··· Recorded information ···
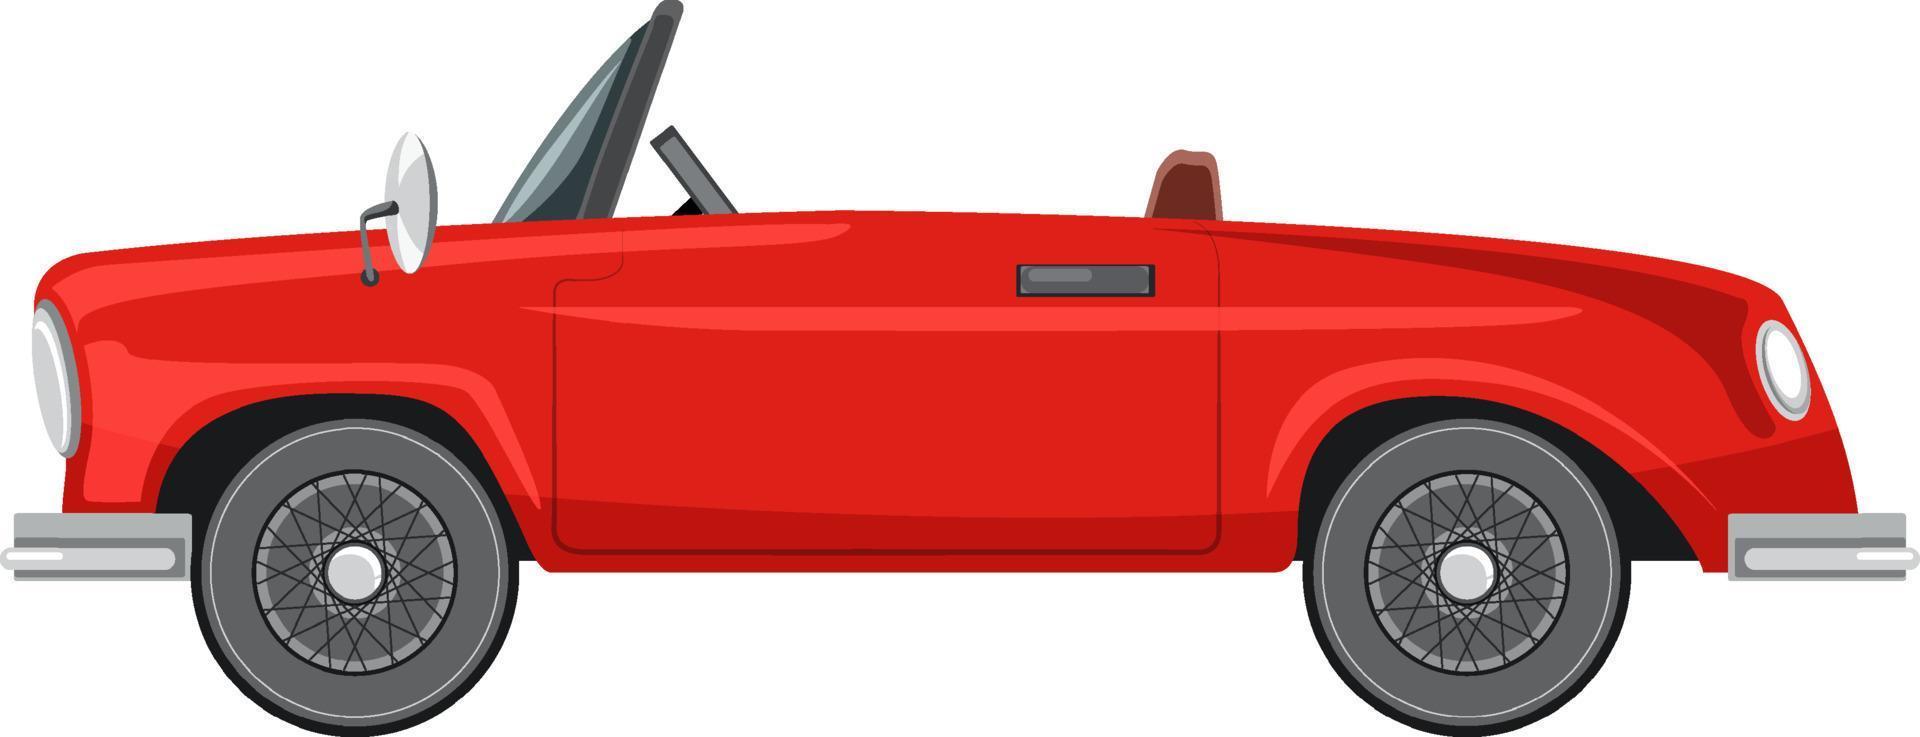 classica macchina rossa in stile cartone animato vettore
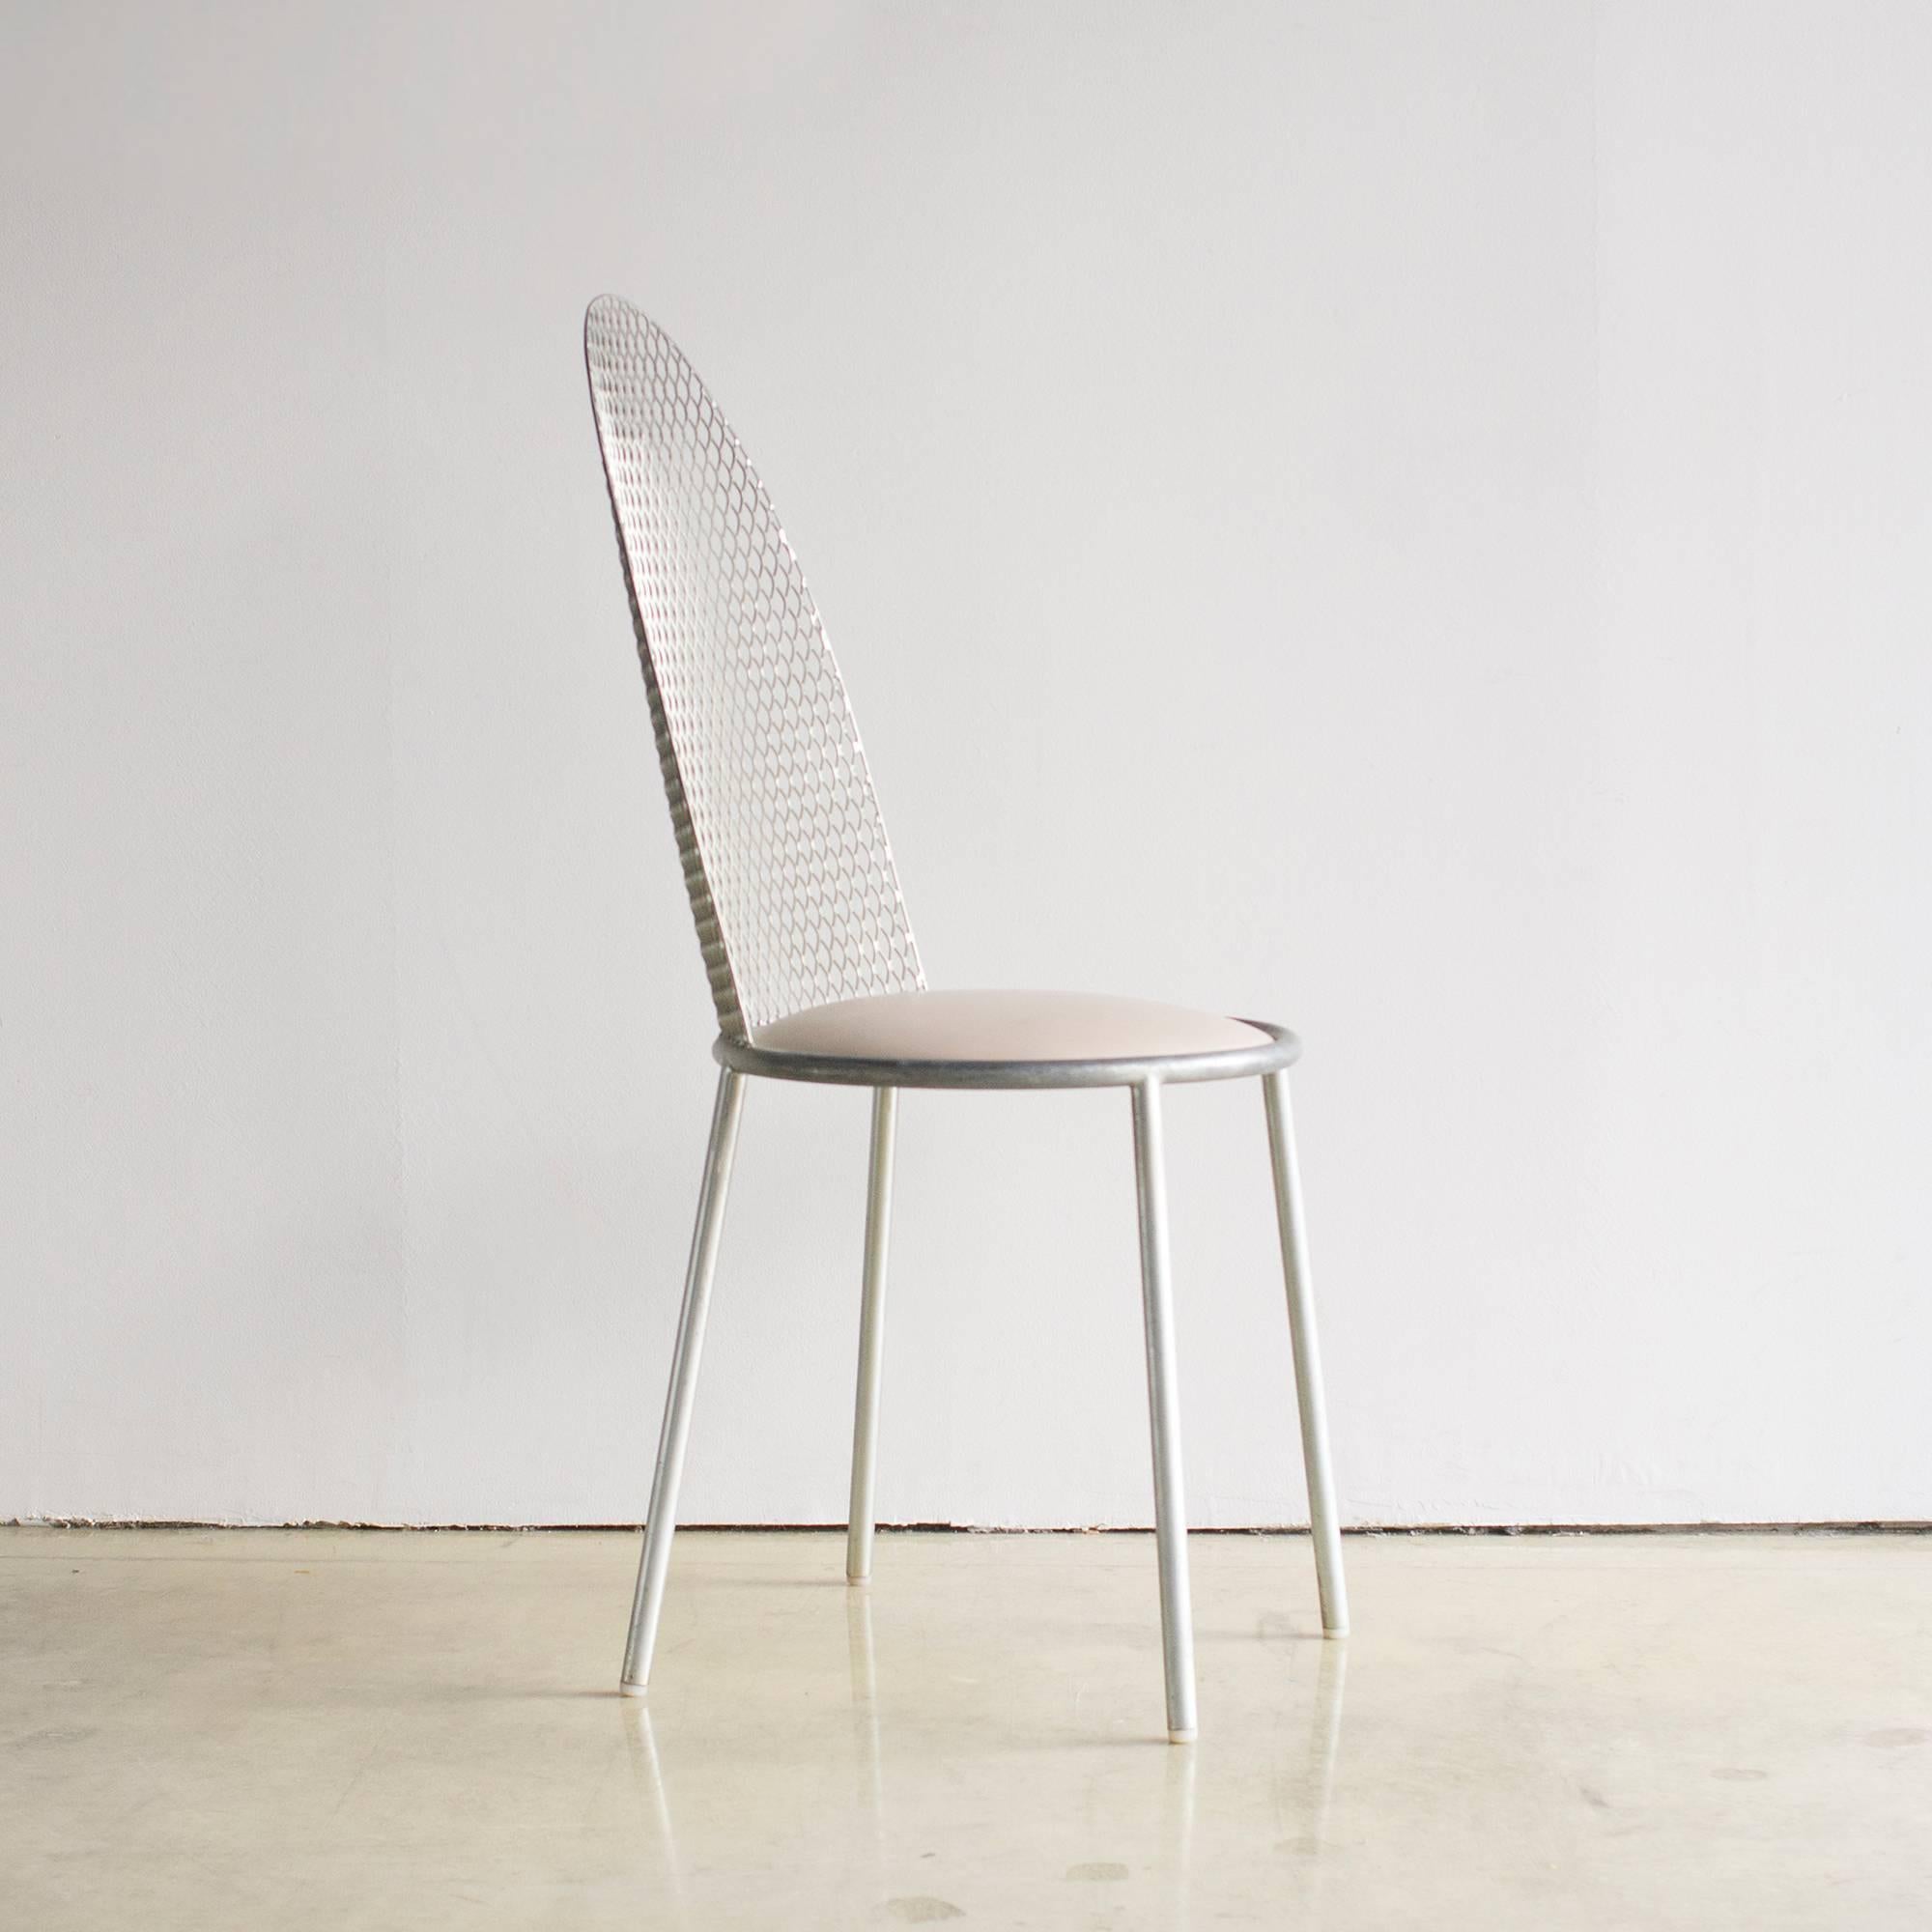 HAL2 Stuhl, entworfen von Shiro Kuramata für Cassina Inderdecor im Jahr 1987.
Sitz aus Vinyl und Rückenlehne aus Streckmetall.
···
Task brief
Please print the data above in its entirety, exactly, but without any picture.

Result of the task
 classica macchina rossa in stile cartone animato vettore
 HAL2 Stuhl, entworfen von Shiro Kuramata für Cassina Inderdecor im Jahr 1987.
Sitz aus Vinyl und Rückenlehne aus Streckmetall.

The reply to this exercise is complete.